For a second, he looks like he wants to ask more, but he doesn’t and I’m grateful for that.
“You go, then,” he says. “I’ll wait a minute before following and I’ll meet you at Heron’s tent.”
“IT DOESN’T CHANGE ANYTHING,” MAILE says when I finish recounting the dream again for her, Heron, Erik, Artemisia, and Blaise.
She’s the first one to speak after a lengthy pause, which I suppose makes sense because she knows the least about Cress and about my fraught and tangled relationship with her. I didn’t want Maile to be here at all, but since she and Heron are sharing a tent, she insisted on joining for fear of being left out of another strategy meeting.
“Are you joking?” Heron asks. I don’t think he’s lost the look of shock on his face since he first saw my arm. “She’s sharing dreams with the Kaiserin—and they aren’t just dreams. That’s a physical injury. Which means Theo can be hurt in these dreams.”
“Theoretically,” Art says softly, “it also means that the Kaiserin can be hurt in them.”
It’s a possibility I hadn’t considered until now, but Art is right. If Cress can hurt me through our dreams, why can’t I hurt her? Or worse? If I managed to kill Cress in a dream, would it kill her in real life? It’s a question I can’t begin to know the answer to, though I remind myself that it doesn’t matter either way. Cress is only the face of the problem—with her dead, the Kalovaxians would just replace her, but things could very well get worse. At least I know Cress. At least I understand her, to some extent.
“No,” Blaise says before I can answer. “It’s too dangerous. We don’t know what would happen, and if the Kaiserin learns that these dreams are anything more…”
He doesn’t finish, but he doesn’t have to. The implication hangs in the air. They think she would try to kill me, but they don’t know what I told S?ren—that Cress didn’t want me dead. That there is a part of her that thought she was saving me. From them. From the life I chose, which she thinks was forced upon me. I glance at S?ren, who seems to be having the same thought. But when I don’t correct Blaise, he stays quiet.

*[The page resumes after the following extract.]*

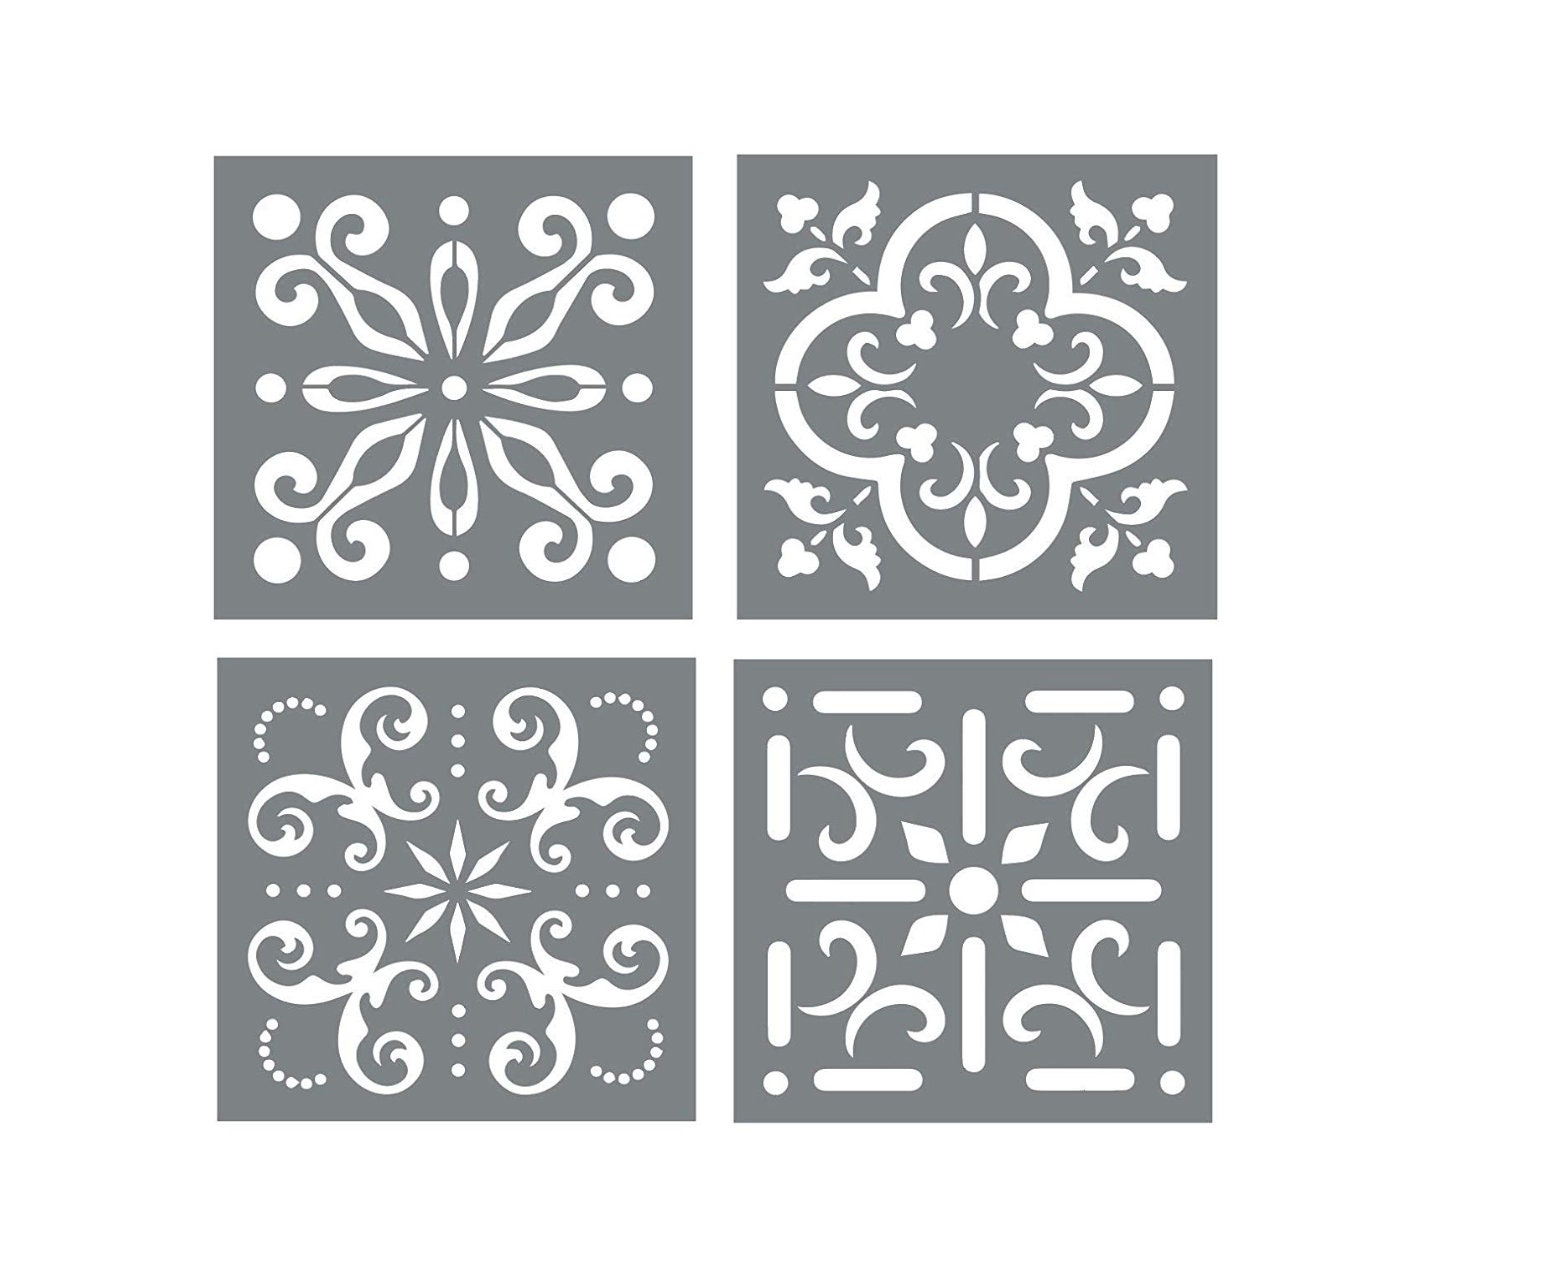  Set of Four 4-Inch Tile Stencils in a Modern Aztec Stencil  Pattern - Use as Floor Stencils or Wall Stencils, Update Your Furniture or  Create Artwork with Reusable Stencils for Painting

I don’t know why I keep that bit of information to myself. Maybe because it feels like a vulnerability they would judge me for, a tie between me and Cress that hasn’t been severed—that may not ever be able to be severed.
“She doesn’t suspect,” I say instead. “She seems to know they aren’t dreams somehow, but she thinks I’m dead. She thinks I’m haunting her.”
“If she thinks you’re dead, why wouldn’t she just tell you her plan?” Maile asks.
I have to think for a moment, turning over possibilities in my mind until I strike on one that feels undeniably true.
“Because she wants to make sure I keep coming back,” I say. “She was angry that she hadn’t seen me in a few days. She’s holding that information so that she knows I’ll return.”
“But you can’t,” Blaise says. “It’s too dangerous. Heron, you can make some kind of medicine, can’t you? Something that will give her dreamless sleep?”
Heron frowns but nods, his eyes finding mine. “I could,” he tells me. “It’s an easy enough draught, if you want it.”
Do I want it? The prospect of dreams that aren’t plagued by Cress is a tempting one. Not just to avoid her finding out the truth but because of Cress herself, how she talks to me, how she makes me feel. I don’t like remembering that she’s a real person, someone I hurt. It’s easier to think of her as my enemy when she’s far away, monstrous and threatening.
“No,” I tell Heron. “This bond is our best chance at staying a step ahead of her, and we need to keep an eye on her progress with Brigitta and the velastra. We don’t have many advantages over the Kalovaxians—we must use every one we can.”
“Theo…,” Blaise starts, before breaking off and shaking his head. “Are you sure?” he asks instead.